Published in final edited form as: J Mach Learn Res. 2012 Apr;13:1059–1062.

The huge Package for High-dimensional Undirected Graph Estimation in R

Tuo Zhao *, Han Liu †,*, Kathryn Roeder , John Lafferty §,, Larry Wasserman ¶,
PMCID: PMC4729207  NIHMSID: NIHMS729233  PMID: 26834510

Abstract

We describe an R package named huge which provides easy-to-use functions for estimating high dimensional undirected graphs from data. This package implements recent results in the literature, including Friedman et al. (2007), Liu et al. (2009, 2012) and Liu et al. (2010). Compared with the existing graph estimation package glasso, the huge package provides extra features: (1) instead of using Fortan, it is written in C, which makes the code more portable and easier to modify; (2) besides fitting Gaussian graphical models, it also provides functions for fitting high dimensional semiparametric Gaussian copula models; (3) more functions like data-dependent model selection, data generation and graph visualization; (4) a minor convergence problem of the graphical lasso algorithm is corrected; (5) the package allows the user to apply both lossless and lossy screening rules to scale up large-scale problems, making a tradeoff between computational and statistical efficiency.

Keywords: high-dimensional undirected graph estimation, glasso, huge, semiparametric graph estimation, data-dependent model selection, lossless screening, lossy screening

1. Overview

Undirected graphs is a natural approach to describe the conditional independence among many variables. Each node of the graph represents a single variable and no edge between two variables implies that they are conditional independent given all other variables. In the past decade, significant progress has been made on designing efficient algorithms to learn undirected graphs from high-dimensional observational data sets. Most of these methods are based on either the penalized maximum-likelihood estimation (Friedman et al., 2007) or penalized regression methods (Meinshausen and Bühlmann, 2006).
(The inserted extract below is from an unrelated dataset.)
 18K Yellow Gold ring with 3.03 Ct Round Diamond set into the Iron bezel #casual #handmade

Existing packages include glasso, Covpath and CLIME. In particular, the glasso package has been widely adopted by statisticians and computer scientists due to its friendly user-inference and efficiency.

In this paper1 we describe a newly developed R package named huge (High-dimensional Undirected Graph Estimation) coded in C. The package includes a wide range of functional modules and addresses some drawbacks of the graphical lasso algorithm. To gain more scalability, the package supports two modes of screening, lossless (Witten et al., 2011) and lossy screening. When using lossy screening, the user can select the desired screening level to scale up for high-dimensional problems, but this introduces some estimation bias.
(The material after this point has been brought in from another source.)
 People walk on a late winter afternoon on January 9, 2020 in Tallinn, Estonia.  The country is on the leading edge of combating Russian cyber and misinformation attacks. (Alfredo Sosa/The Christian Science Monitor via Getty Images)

2. Software Design and Implementation

The package huge aims to provide a general framework for high-dimensional undirected graph estimation. The package includes Six functional modules (M1-M6) facilitate a flexible pipeline for analysis (Figure 1).

Figure 1.

Figure 1

The graph estimation pipeline.

M1. Data Generator

The function huge.generator() can simulate multivariate Gaussian data with different undirected graphs, including hub, cluster, band, scale-free, and Erdös-Réenyi random graphs. The sparsity level of the obtained graph and signal-to-noise ratio can also be set up by users.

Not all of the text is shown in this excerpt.